Ncert Exercises & Solutions

A ball of mass m, moving with a speed $2 v_{0}$ , collide inelastically (e > 0) with an identical ball at rest. Show that

(a) For head-on collision, both the balls move forward.
(b) For a general collision, the angle between the two velocities of scattered balls is less than 90 $°$ .

Hint: Use the Principle of conservation of linear momentum.

Step 1: Find velocities of the balls after collision by applying momentum conservation and the equation of eccentricity.

(a) Let $v_{1} and v_{2}$ are velocities of the two balls after the collision.
Now bv the Principle of conservation of linear momentum.

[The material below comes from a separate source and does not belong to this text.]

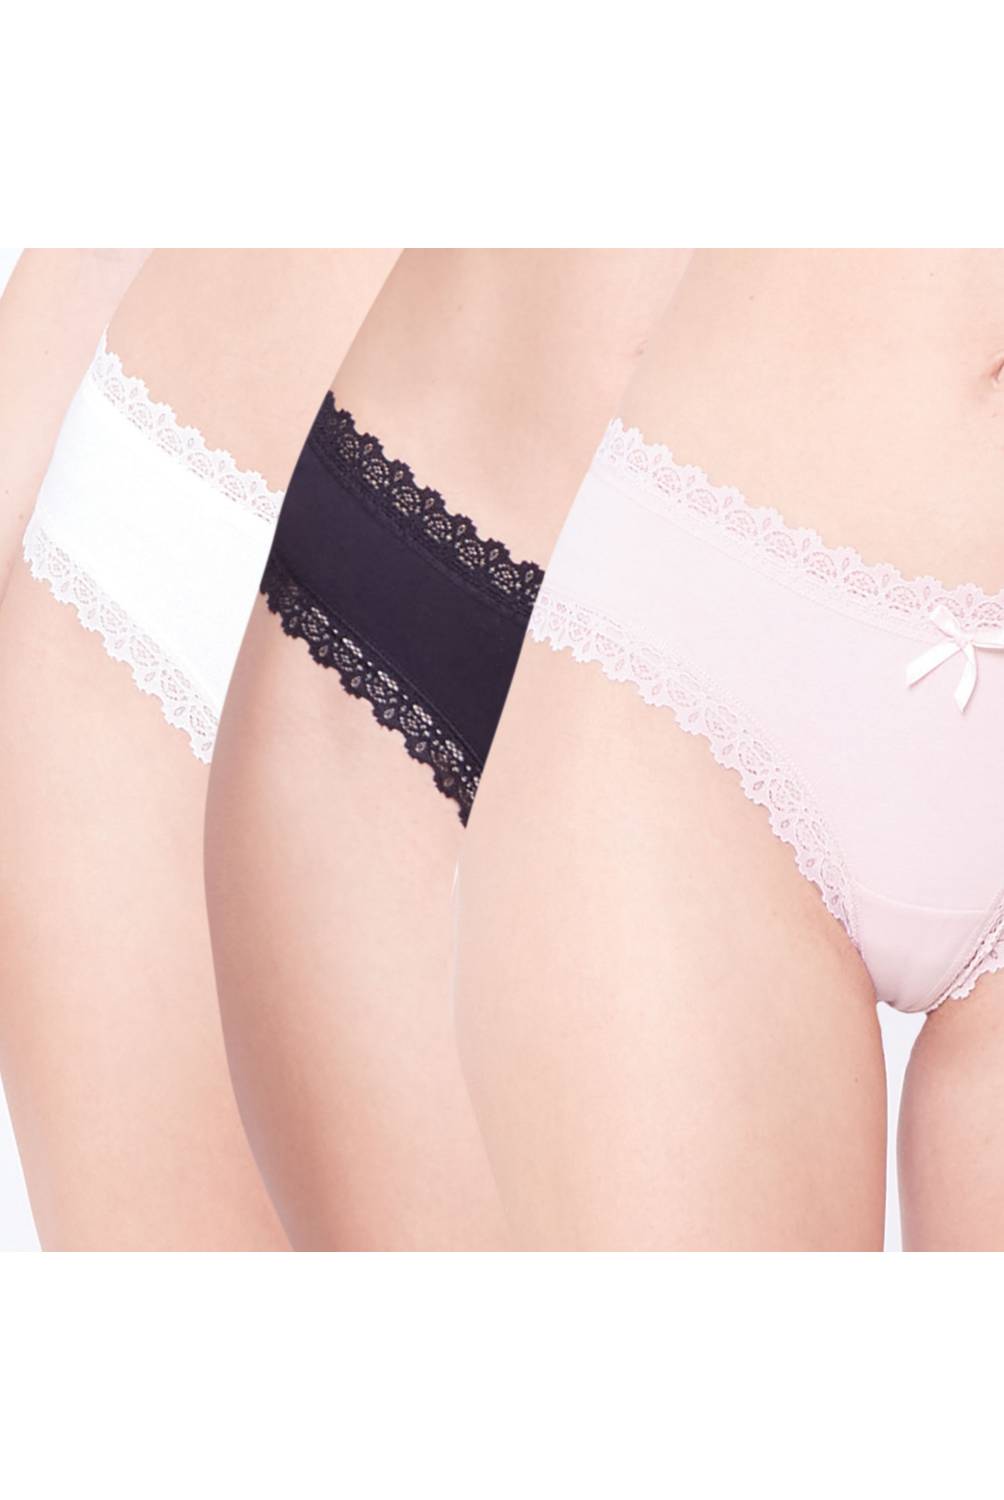 Pack De Tres Tangas Algodón Marca Intime Mujer Color Nude

$\begin{array}{l} 2 {mv}_{0} = {mv}_{1} + {mv}_{2} \\ or 2 v_{0} = v_{1} + v_{2} \\ and e = \frac{v_{2} - v_{1}}{2 v_{0}} \\ \Rightarrow v_{2} = v_{1} + 2 v_{0} e \\ ∴ 2 v_{1} = 2 v_{0} - 2 {ev}_{0} \\ ∴ v_{1} = v_{0} (1 - e) \end{array}$

Since $e < 1 \Rightarrow v_{1}$ , has the same sign as $v_{0}$ , therefore, the ball moves on after collision.

Step 2: Interpret the (b) part.

(b) Consider the diagram below for a general collision.

By the principle of conservation of linear momentum,

$P = P_{1} + P_{2}$

For inelastic collision, some KE is lost, hence

$\frac{p^{2}}{2 m} > \frac{p_{1}^{2}}{2 m} + \frac{p_{2}^{2}}{2 m}$
$∴ p^{2} > p_{1}^{2} + p_{2}^{2}$

Thus, $p, p_{1} and p_{2}$ are related as shown in the figure.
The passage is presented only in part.